→ **Exercise**:
Would you restate the listing word for word, with the images omitted?

→ **Available data**:
***

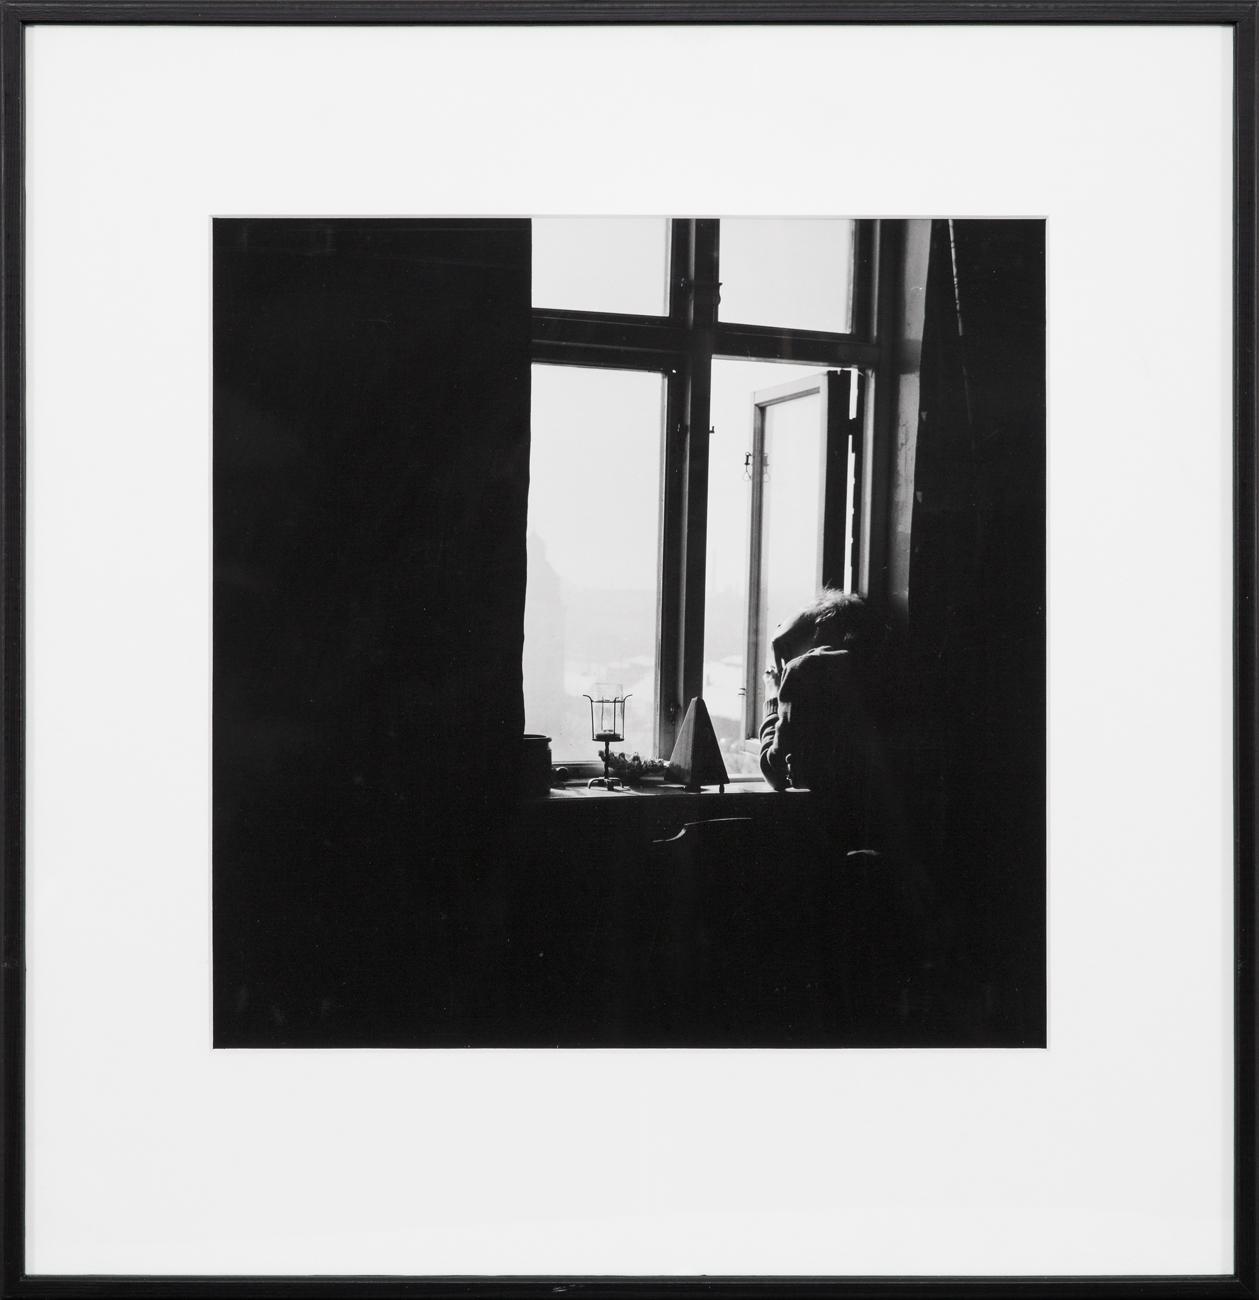 Ola Billgren  Vid fönstret  1962 Bromoil silver gelatin photograph Image sheet 33 x 33 cm
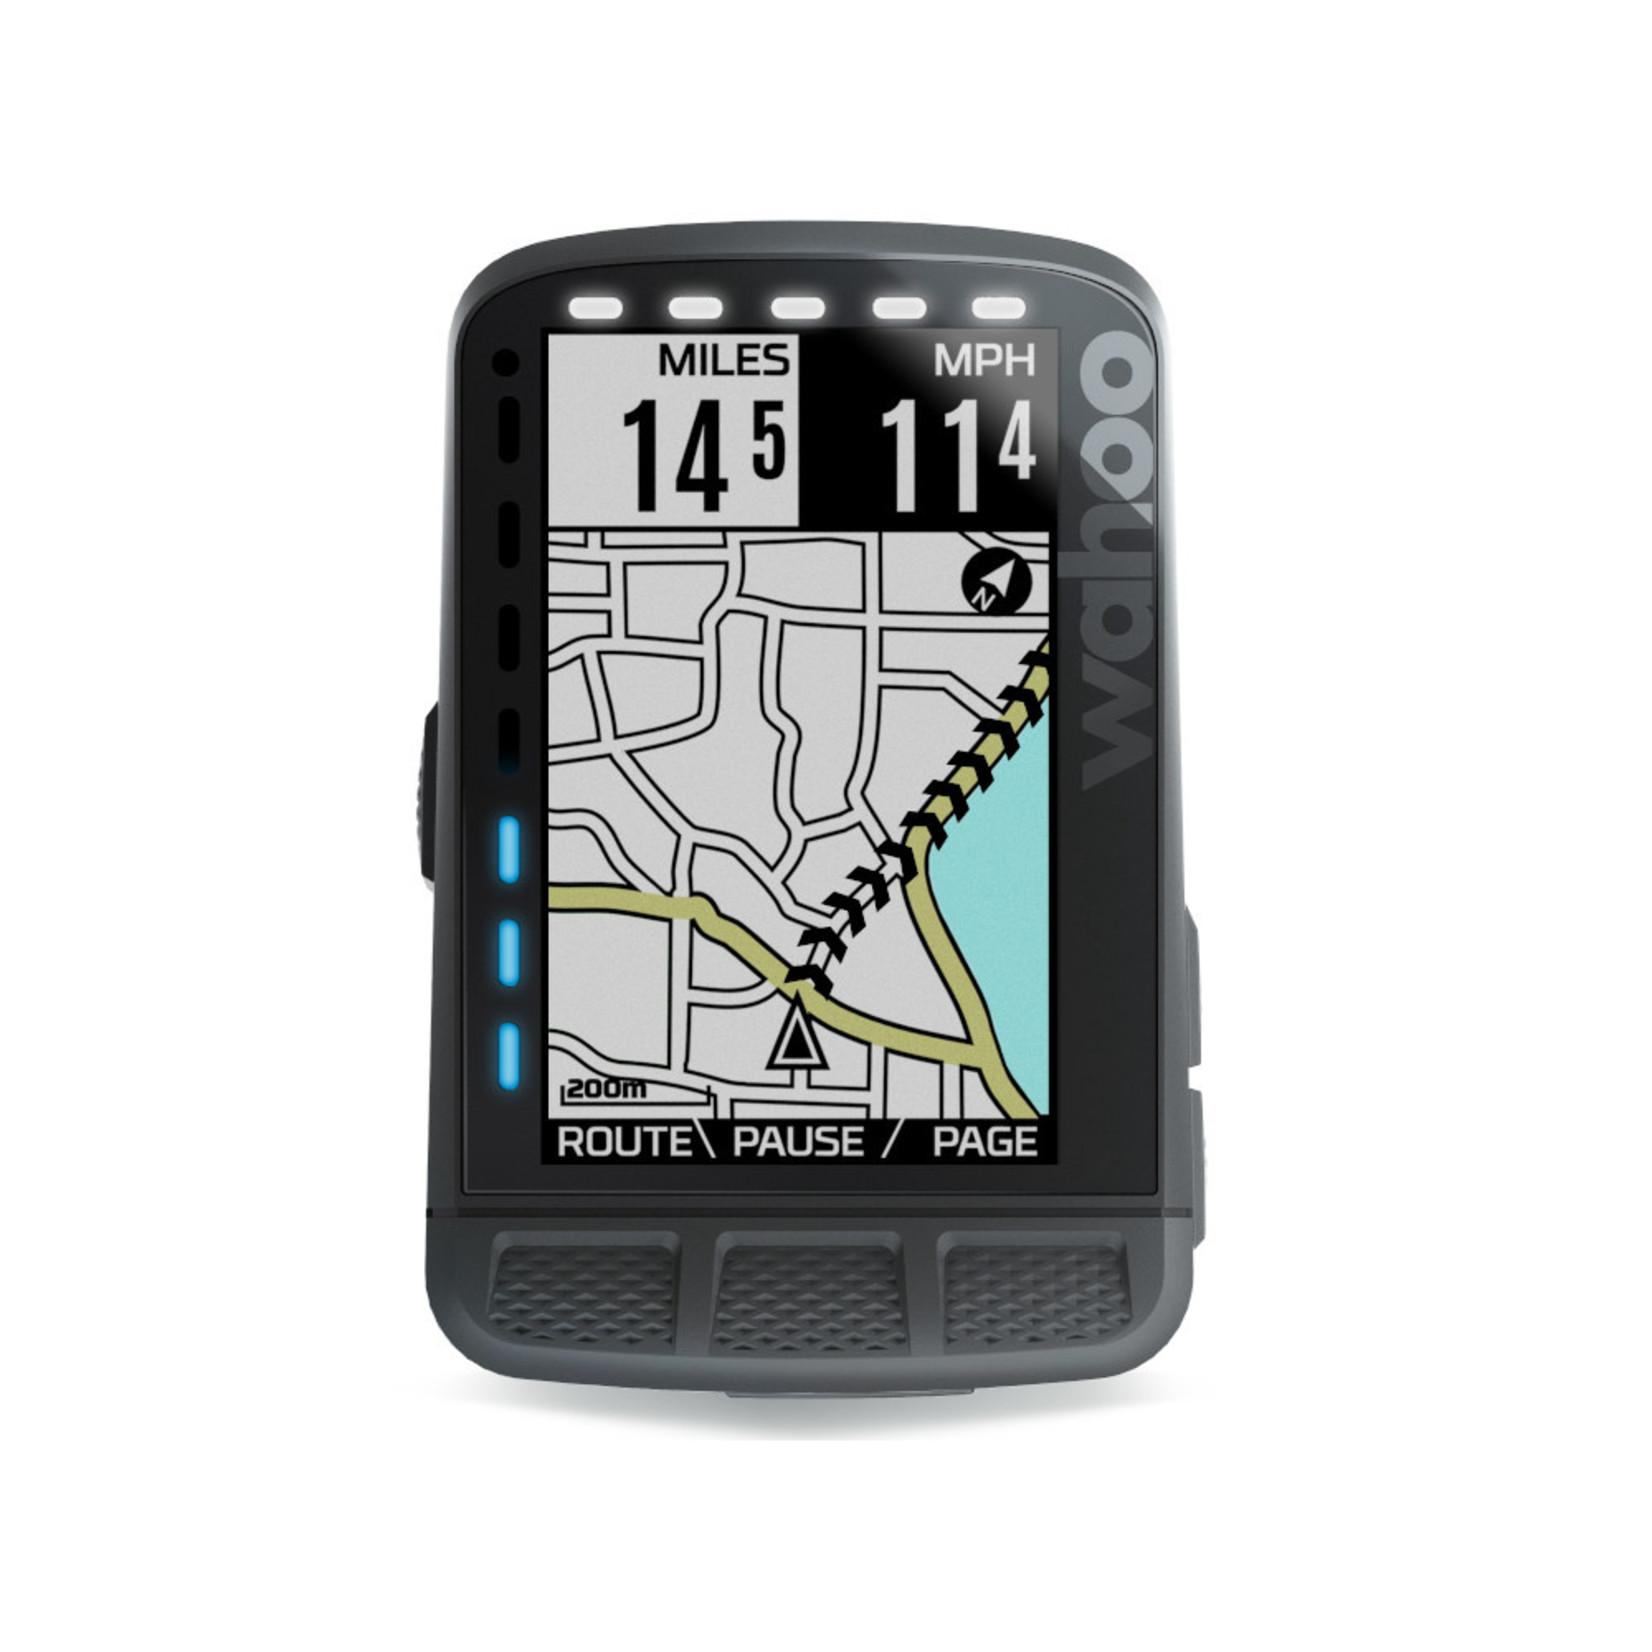 Wahoo WAHOO ELEMENT ROAM GPS BIKE COMPUTER
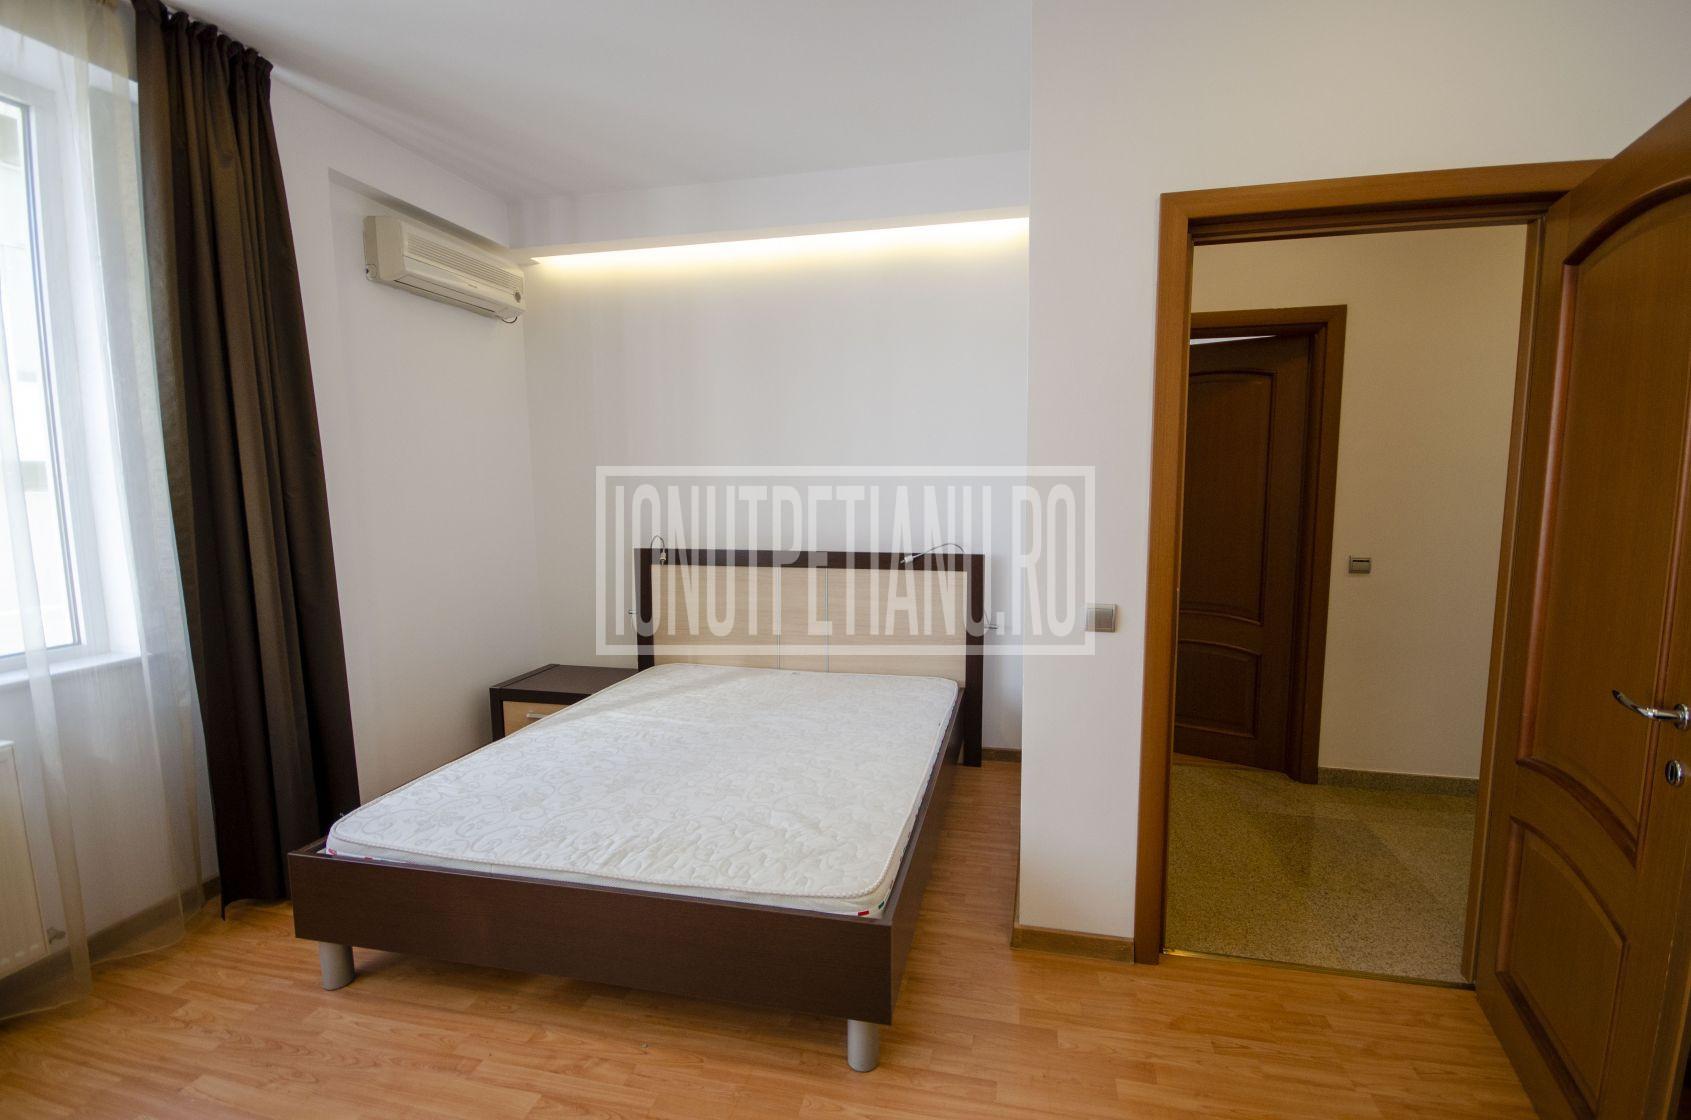 Inchiriere  apartament 3 camere cartier Primaverii

***

→ **Solution**:
 Ola Billgren  Vid fönstret  1962 Bromoil silver gelatin photograph Image sheet 33 x 33 cm
 Wahoo WAHOO ELEMENT ROAM GPS BIKE COMPUTER
 Inchiriere  apartament 3 camere cartier Primaverii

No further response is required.